Condizioni per servitù passaggio acque - Art. 1037
Condizioni per imporre servitù di passaggio acque: dimostrare disponibilità, sufficienza e minor pregiudizio al fondo servente.
Chi vuol far passare le acque sul fondo altrui deve dimostrare che può disporre dell'acqua durante il tempo per cui chiede il passaggio; che la medesima è sufficiente per l'uso al quale si vuol destinare; che il passaggio richiesto è il più conveniente e il meno pregiudizievole al fondo servente, avuto riguardo alle condizioni dei fondi vicini, al pendio e alle altre condizioni per la condotta, per il corso e lo sbocco delle acque.
Testo in vigore al .
Fonte: Normattiva — Istituto Poligrafico e Zecca dello Stato (normattiva.it), riprodotto con licenza CC BY 4.0.
Cosa dice, in parole semplici
L'articolo 1037 stabilisce le condizioni che devono essere soddisfatte per imporre una servitù coattiva di passaggio delle acque.

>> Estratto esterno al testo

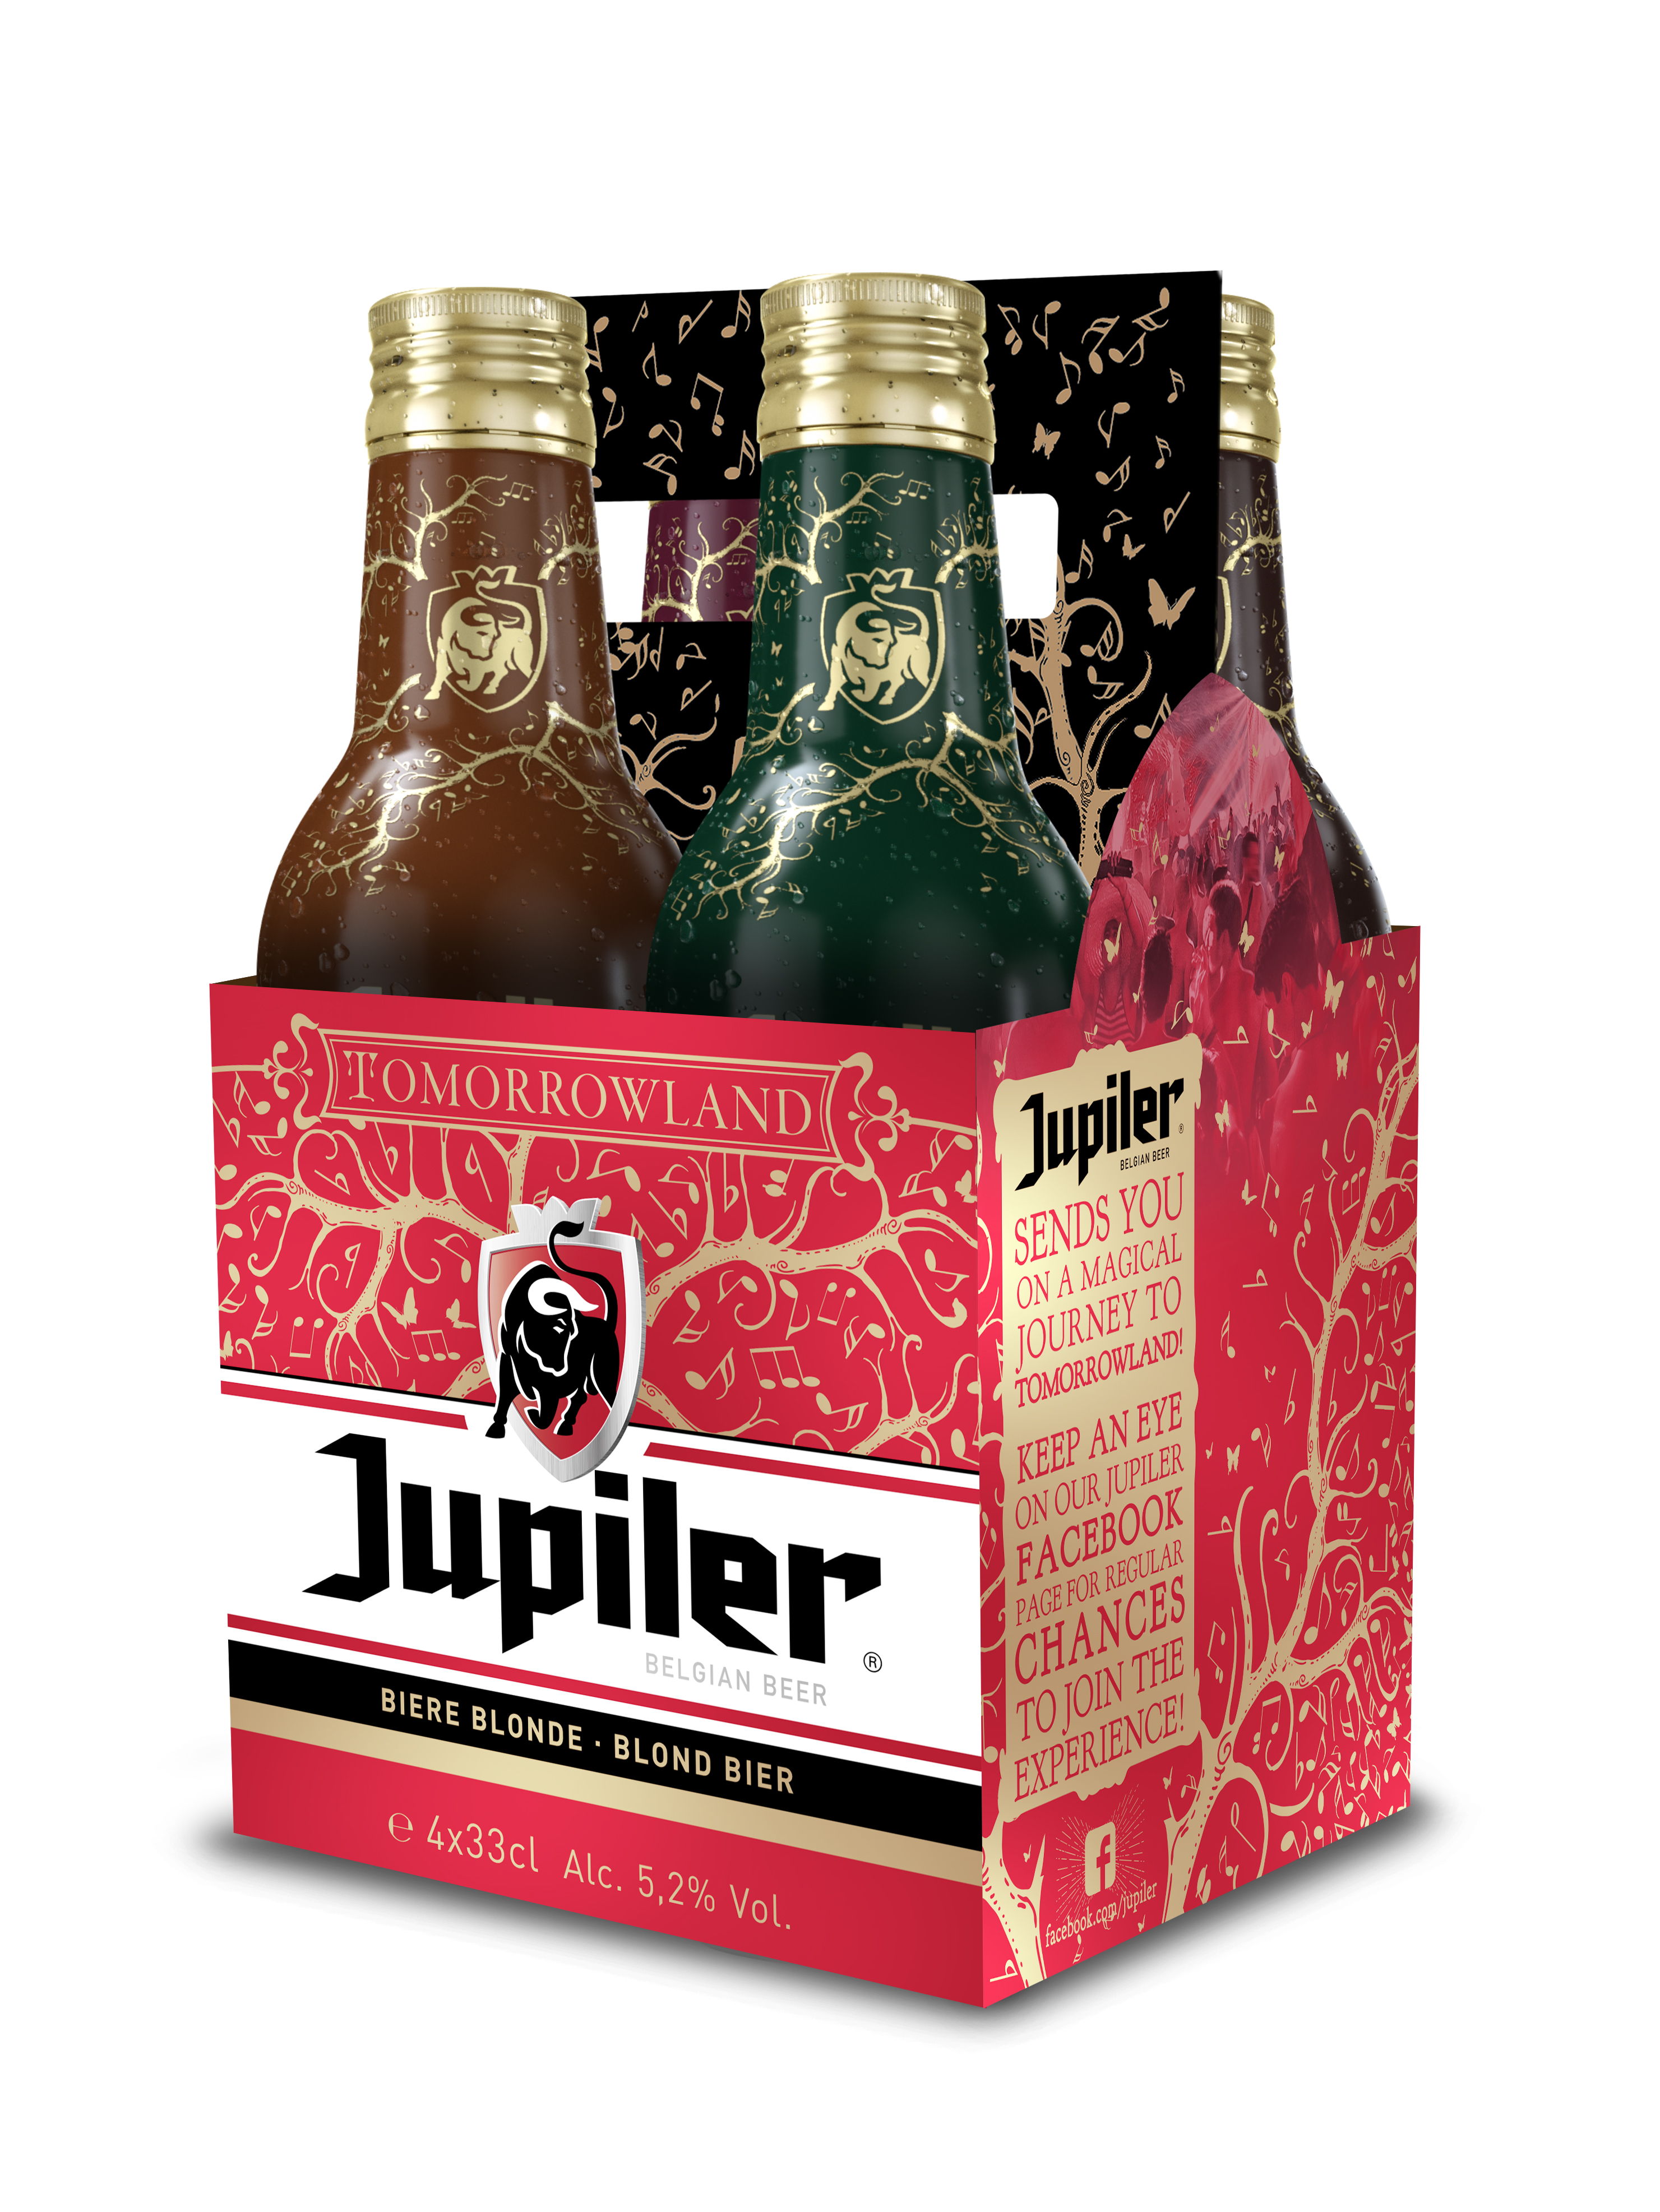 Jupiler features electronic music genres at Tomorrowland
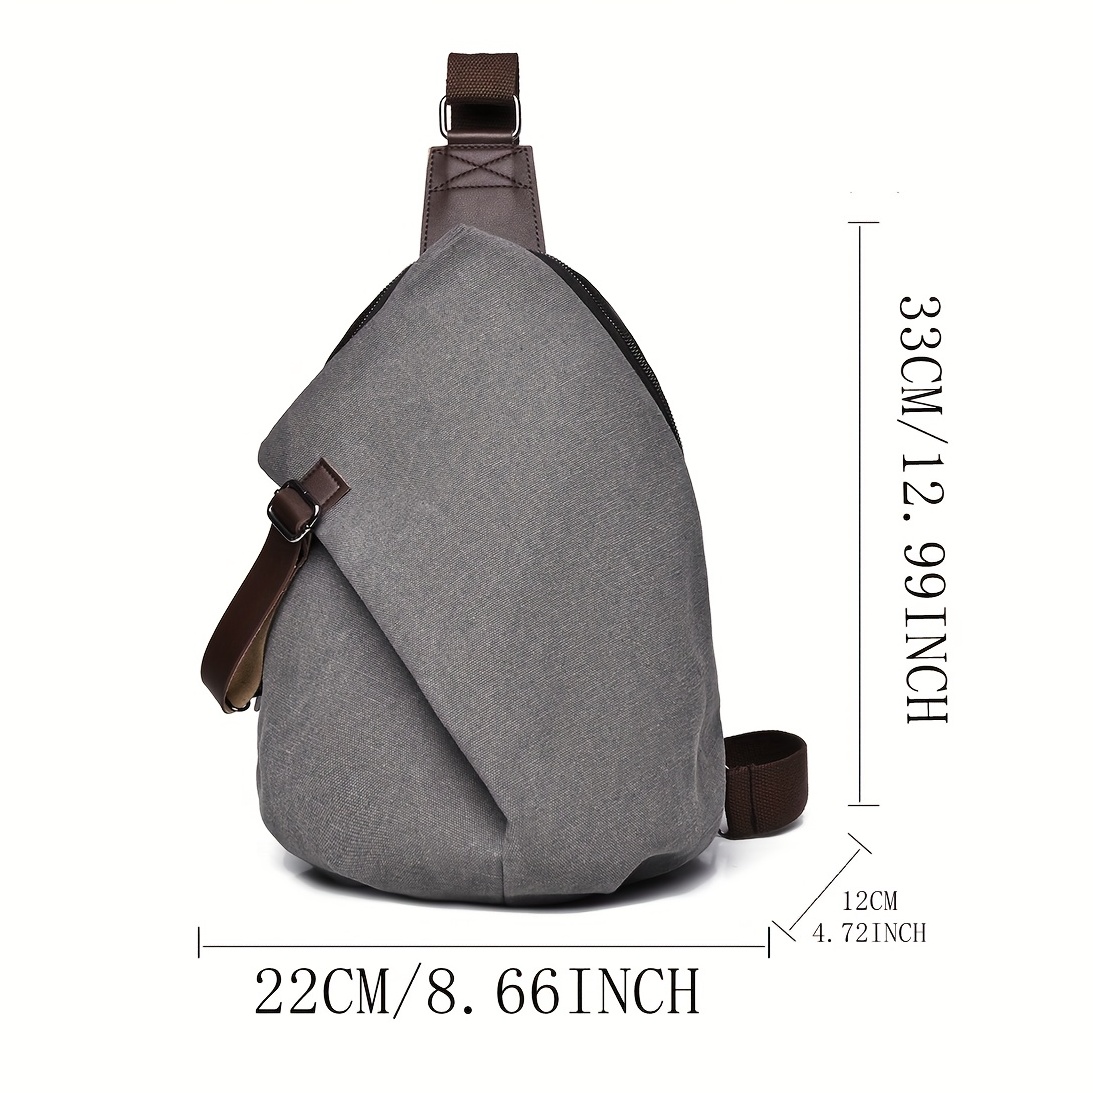 mens new canvas messenger bag large capacity chest bag multifunctional trendy messenger bag casual shoulder bag for outdoor sports hiking running travel daily commute

Chi chiede il passaggio deve dimostrare tre requisiti: di poter disporre dell'acqua per il periodo richiesto, che la quantità d'acqua sia sufficiente per l'uso previsto, e che il percorso scelto sia il più conveniente e il meno dannoso per il fondo che sopporta la servitù (fondo servente).
La valutazione della convenienza e del minor pregiudizio tiene conto delle condizioni dei fondi vicini, del pendio e di altri aspetti relativi alla condotta, al corso e allo sbocco delle acque. Queste condizioni sono preliminari all'ottenimento del diritto di passaggio.
L'importo dell'indennità per la servitù non è qui stabilito, ma è disciplinato dagli articoli 1038 e 1039.
Quando si applica
- Un agricoltore vuole far passare l'acqua per irrigare il suo campo attraverso il terreno del vicino.
- Un proprietario di un fondo senza accesso a un corso d'acqua chiede di costruire un acquedotto sul fondo altrui.
- Un comune intende portare l'acqua potabile a una frazione attraversando terreni privati.
- Un impianto industriale necessita di acqua per il raffreddamento e deve attraversare proprietà altrui.
- Un privato richiede un passaggio temporaneo di acque per lavori di bonifica sul fondo di un altro.
Cosa questo articolo non dice
- La determinazione dell'indennità da pagare al proprietario del fondo servente (è trattata agli artt. 1038-1039).
- Le modalità di esecuzione delle opere (disciplinate dall'art. 1046).
- Il contenuto della servitù una volta costituita (art. 1047).
- Il diritto di utilizzare l'acqua in sé (non regolato da questo articolo, ma da altre norme sul demanio idrico).